Shakib Prince, a native of Chandpur, lost his job when the owner shut down the restaurant he was working at after the workers, including Shakib, contracted COVID-19. Now he works at a coffee shop after struggling for survival for almost a year.

“I had worked as a housekeeper, or at a corner of a restaurant kitchen for survival. Now the situation has improved. We are getting work again,” said Shakib, adding that he was planning to travel back to Bangladesh in January 2022.    

Nearly 16,000 Bangladeshi migrants returned home from the Maldives in the last nine months of 2020, according to the expatriates’ welfare desk at Shahjalal International Airport in Dhaka. Some 11,500 of them had valid documents, while the others travelled with special permission.

The desk reported that they returned after losing their jobs due to the pandemic.

Milon Hossain from Cumilla, who works at a restaurant in Male, said the Bangladeshis who were employed by companies did not lose their jobs despite the pandemic as tourists continued to arrive.

The Maldives saw overall arrivals in the first nine months of 2021 fall just 12 per cent versus the same period of 2019, according to Reuters.

But the Maldives stopped taking workers from Bangladesh in 2019, Milon said.

Bangladeshis who are working illegally in the Maldives after arriving with tourist visa can become legal workers if they apply as a worker of a company, according to him.

He believes strong efforts by the Bangladesh mission in the Maldives will create an opportunity for Bangladeshi workers to travel legally to the archipelago.

“We’ve heard that the prime minister will visit the Maldives.

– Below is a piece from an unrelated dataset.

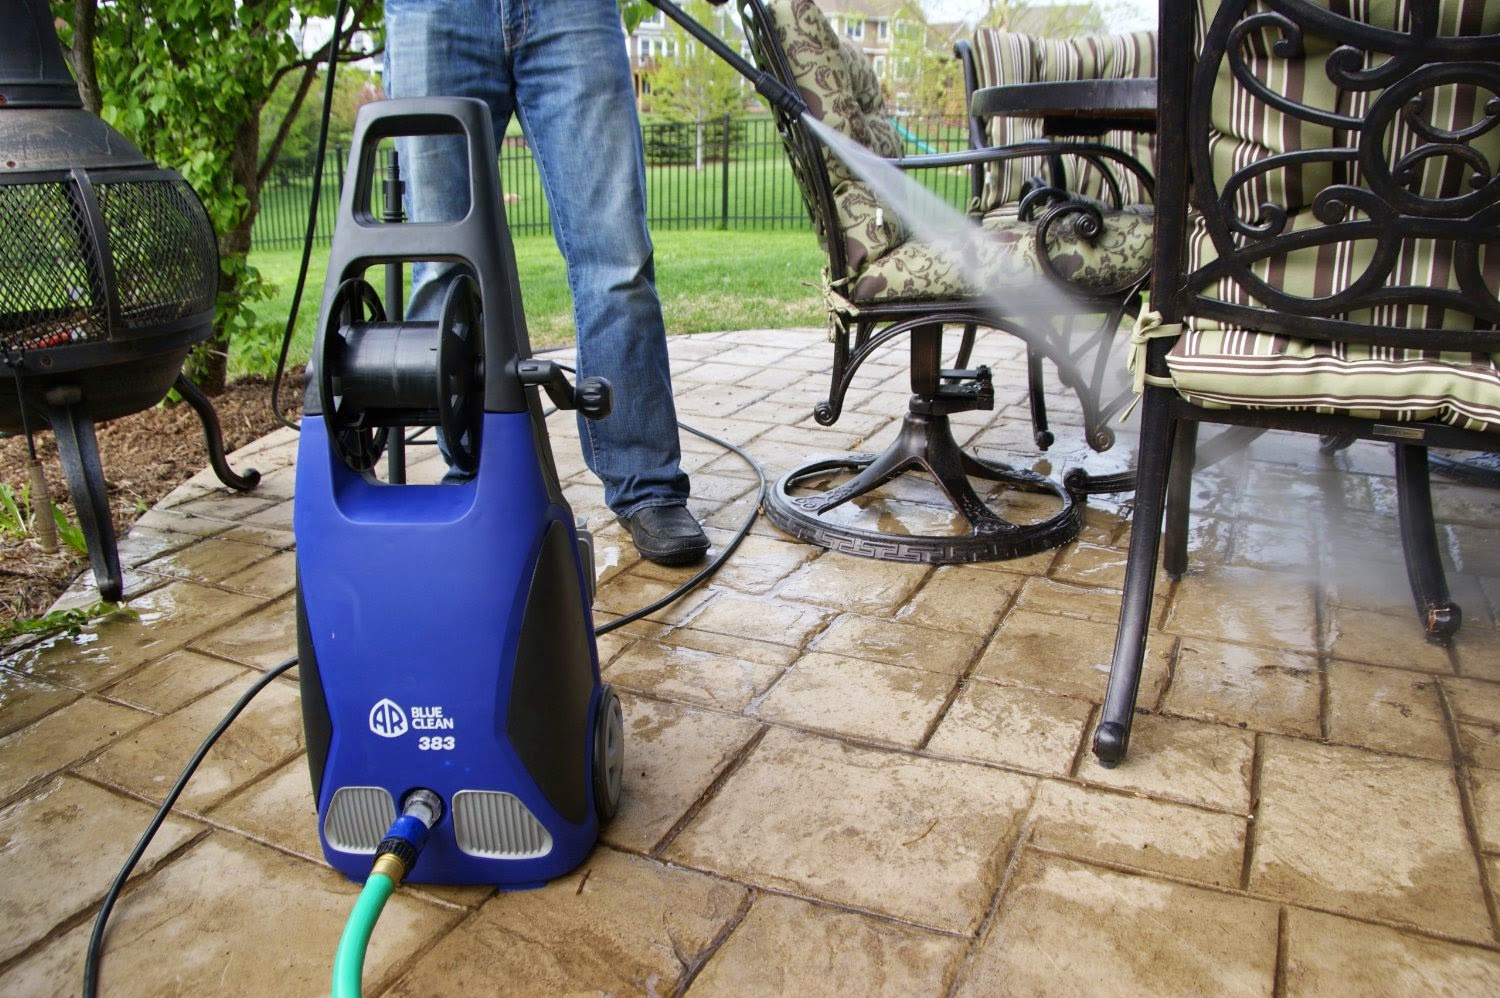 AR Blue Clean Pressure Washer cleans patios, decks, paths, driveways, house sidings & cars

We always say she should talk to the authorities to expand the Maldivian labour market for Bangladeshis, because it is impossible to earn the same amount by working in many other countries.”

Milon sent home Tk 1 million in around two years amid the pandemic.

Remittances from the Maldives more than doubled to $44.74 million in 2019-20 fiscal year from the remittances of 2018-19. The amount slightly rose past $46 million in 2020-21 financial year.

Shariful Islam Hasan, programme head at BRAC Migration, said the government should take quick steps to legalise the undocumented Bangladeshis in the Maldives because they are deprived of fair pay and other rights. The government also needs to work on sending new workers to the Maldives, he said.

Maldivian President Ibrahim Mohamed Solih, during his visit to Dhaka to join the celebrations of Bangladesh’s golden jubilee of independence and the birth centenary of Bangabandhu Sheikh Mujibur Rahman in March, urged the government to send doctors and nurses.

Hasina then requested him to legalise the undocumented Bangladeshis.

As the high number of migrants raised the demand for travel between Bangladesh and the Maldives, US-Bangla Airlines last month launched direct flights on the Dhaka-Male route.

US-Bangla Managing Director Abdullah Al Mamun said the airlines has reduced the cost of one-way travel on the route to Tk 25,000 from Tk 65,000 per flight.